Ils arrivèrent à un accord sur les trois dispositions suivantes du traité :
1. Soumission des Arabes à la France ;
2. Liberté du commerce pleine et entière ;
3. Remise immédiate des prisonniers.
Lorsque les envoyés d'Abd-el-Kader s'occupèrent de la rédaction de cet acte important, conjointement avec les
principaux chefs civils et militaires de la province, on y fit régner une telle obscurité, on négligea des points d'une
si haute importance, tels, entre autres, que la délimitation du sol administré par Abd-el-Kader, enfin les envoyés
de l'émir déployèrent tant de ruse et d'habileté, que les conditions principales posées par les français étaient
comme annulées, et que ce traité, que les français imposaient, semblait être plus favorable aux Arabes.
Traité avec les français
Ce traité fut signé le 24 février 1834. Abd-el-Kader, satisfait, croyait son repos assuré, lorsque de nouveaux
ennemis vinrent l'attaquer dans sa retraite. Mustapha-ben-Ismael, chef des douars, et qui avait été Aga avant la
conquête, ne pouvait se résoudre à se soumettre à un usurpateur, ou, comme il disait, à un pâtre, fils de pâtre. Un
autre chef, qui menait depuis longtemps une vie de brigandage, Kadour-ben-el-Morfy, placé à la tête des Bordja,
ne pouvant s'accoutumer à la paix qui allait régner dans le pays, se réunit à Mustapha pour soulever les BeniAmer, une des plus populeuses tribus de la province. Les Arabes de cette tribu se refusèrent à payer l'achour,
alléguant que la cessation de la guerre rendait cet impôt inutile, et qu'ils ne reconnaissaient pas pour leurs maîtres
les infidèles et leurs alliés. Les Douayers et les Zmelas, tribus accoutumées à vivre au XIXe siècle de pillage, se
joignirent aux Beni-Amer et commencèrent les hostilités.

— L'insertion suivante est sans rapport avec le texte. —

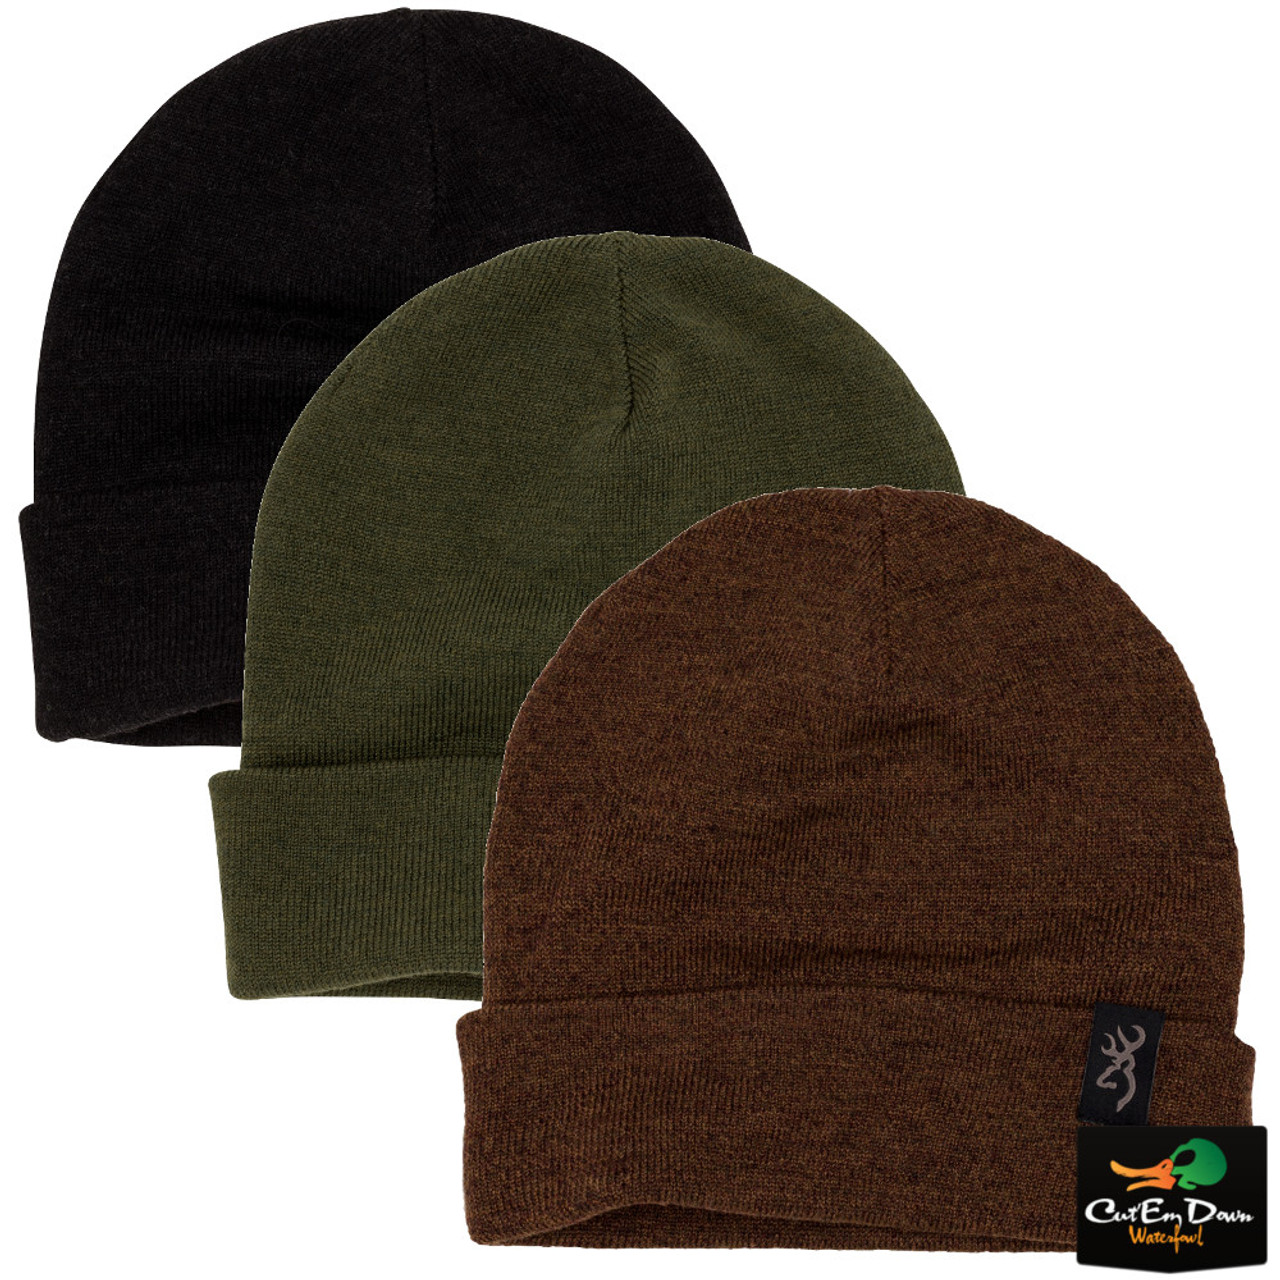 04978304253 Browning High Country Merino Wool Reversible Beanie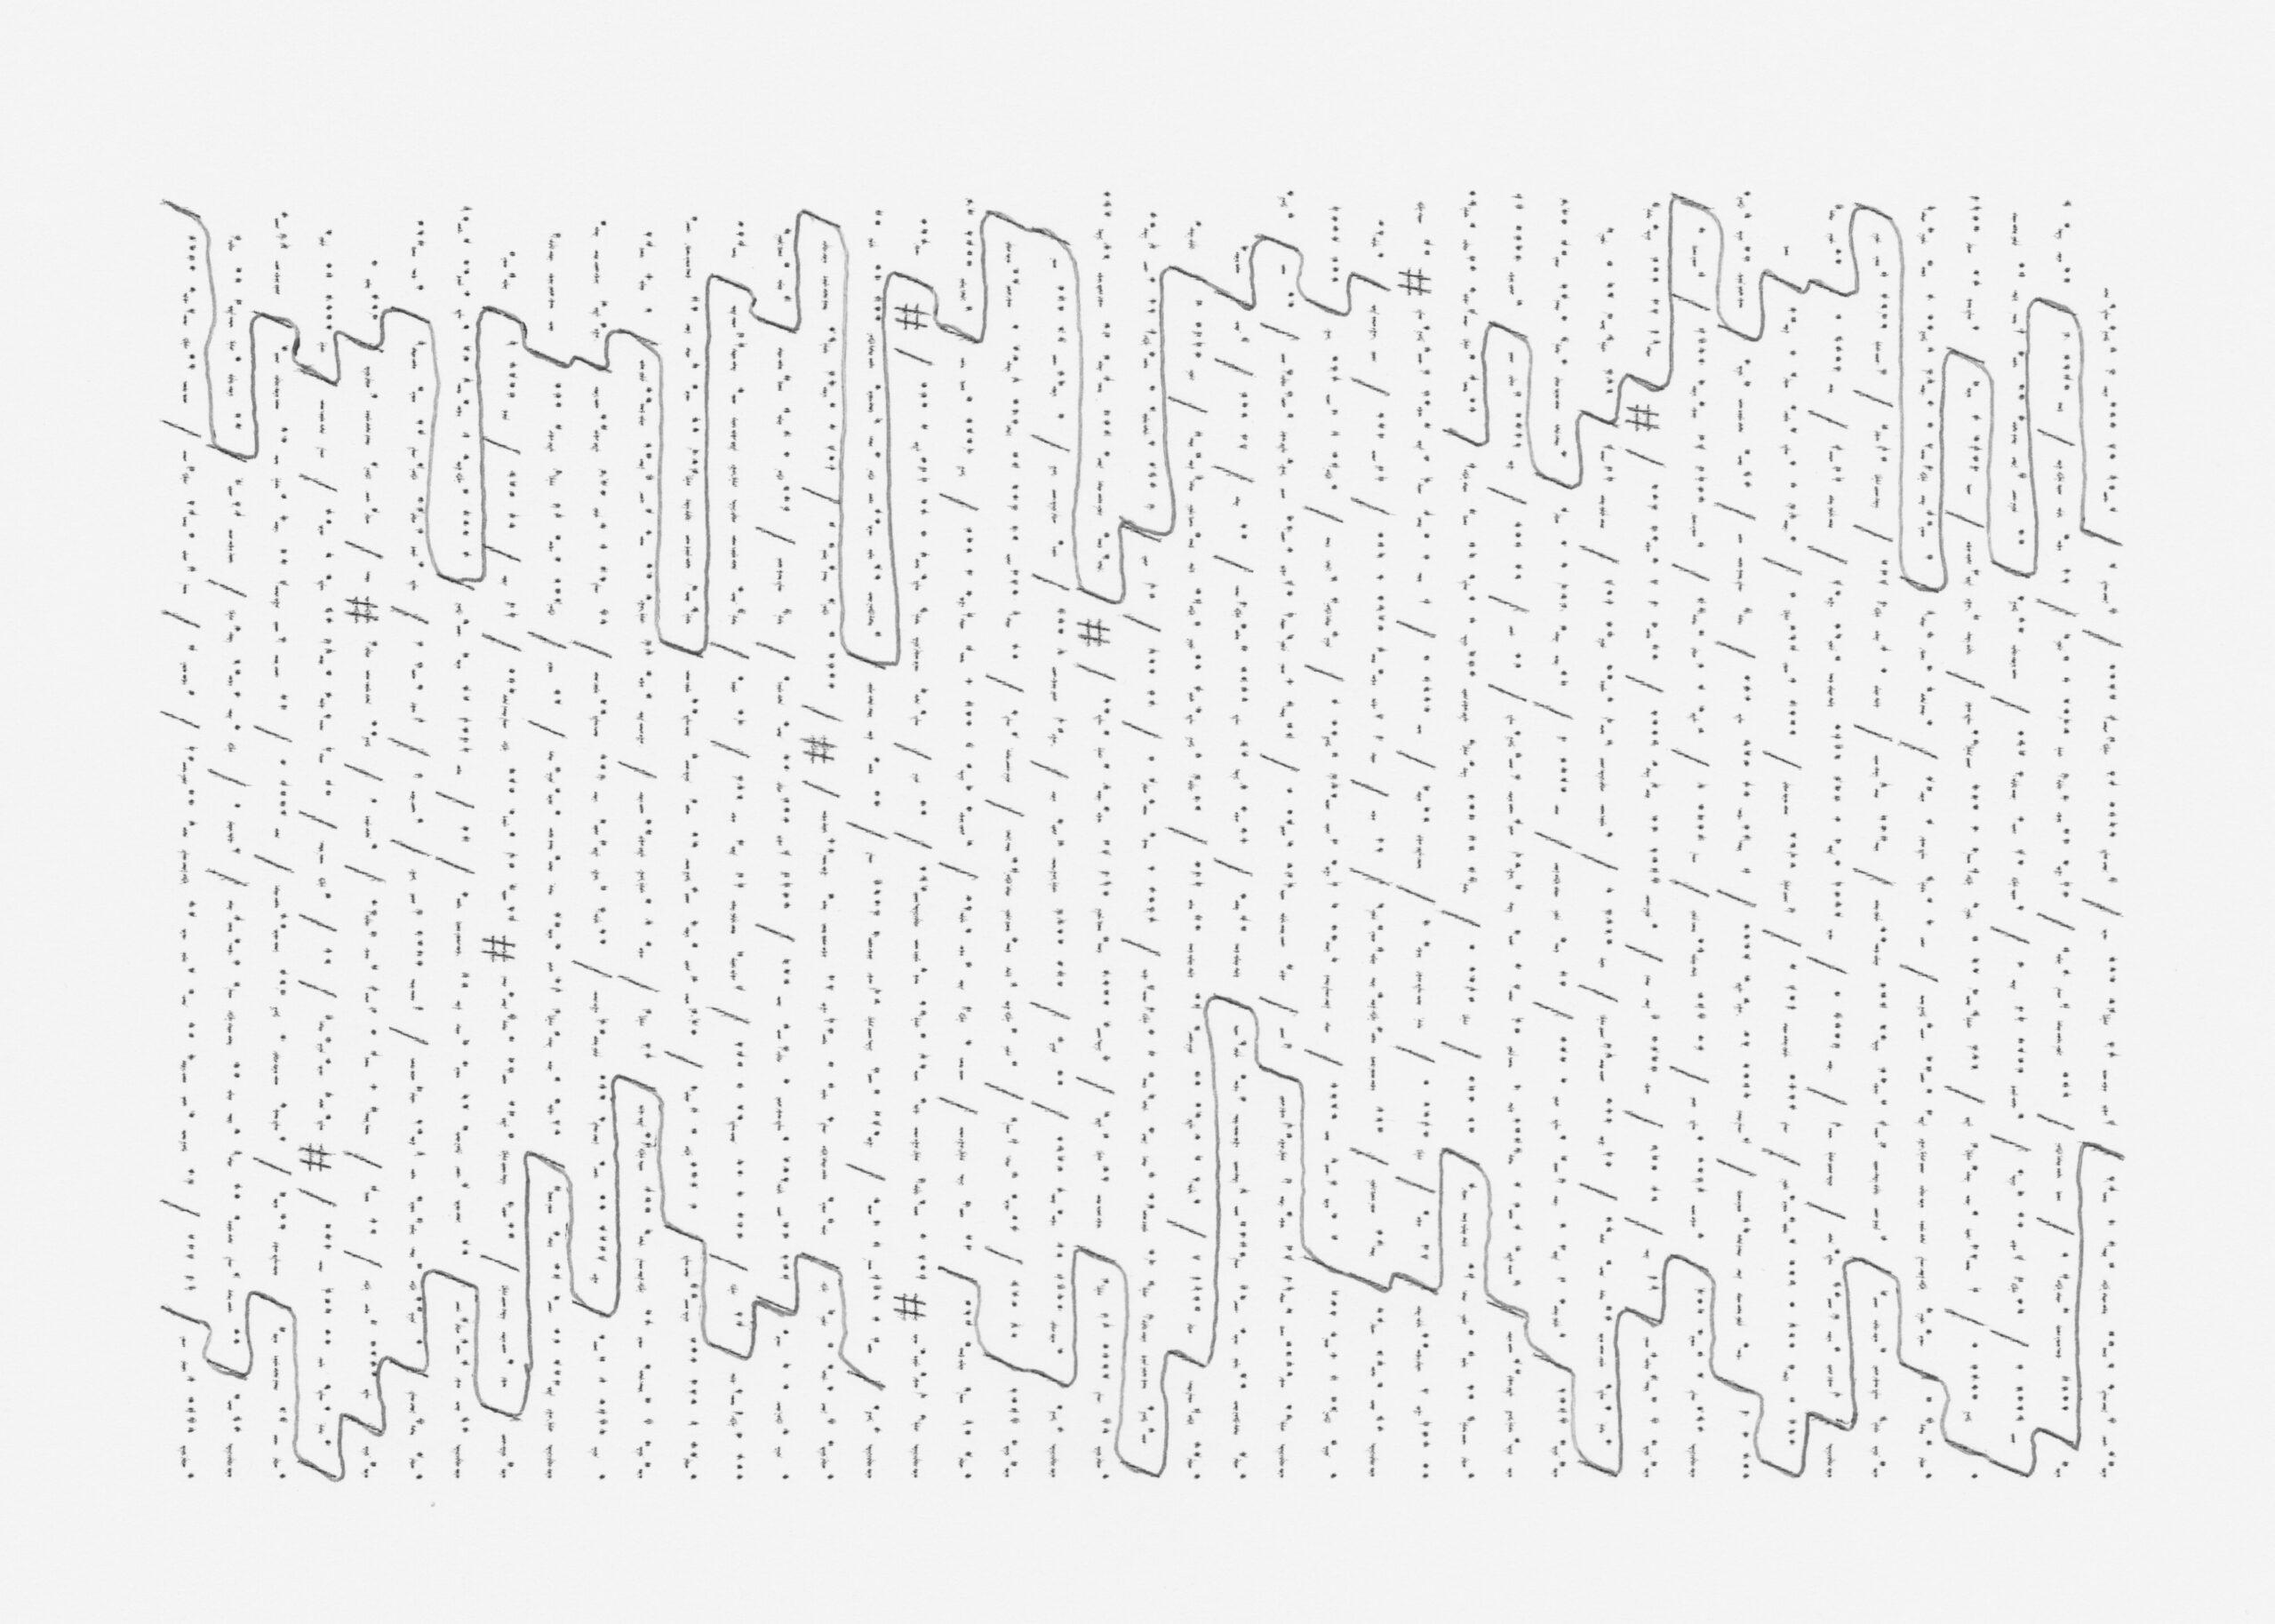 A_2020_04_23_scans_total_morseknittingScan-2

Abd-el-Kader rassemble au plus vite ses cavaliers dans les environs de Mascara, marche contre l'ennemi et
surprend plusieurs villes laissées sans défense. Mais il eut l'imprudence d'établir son camp sur la lisière de la forêt
de Zétoul, dans le pays des rebelles. Au milieu de la nuit, les Douayers mirent en fuite une partie de ses troupes,
enlevèrent son camp au galop, et le forcèrent à rentrer presque seul à Mascara.
A cette nouvelle, Sidi-el-Arubi leva l'étendard de la révolte, les autres chefs des mécontents imitèrent son
exemple, et Abd-el-Kader se vit entouré d'ennemis.
Au lieu de profiter de ces divisions qui commençaient à naître parmi les Arabes, et tirer parti du coup terrible qui
venait d'être porté à l'émir, par les Beni-Amer, les français intervenaient si maladroitement qu'ils rendirent Abdel-Kader plus puissant après cet échec qu'il ne l'était auparavant.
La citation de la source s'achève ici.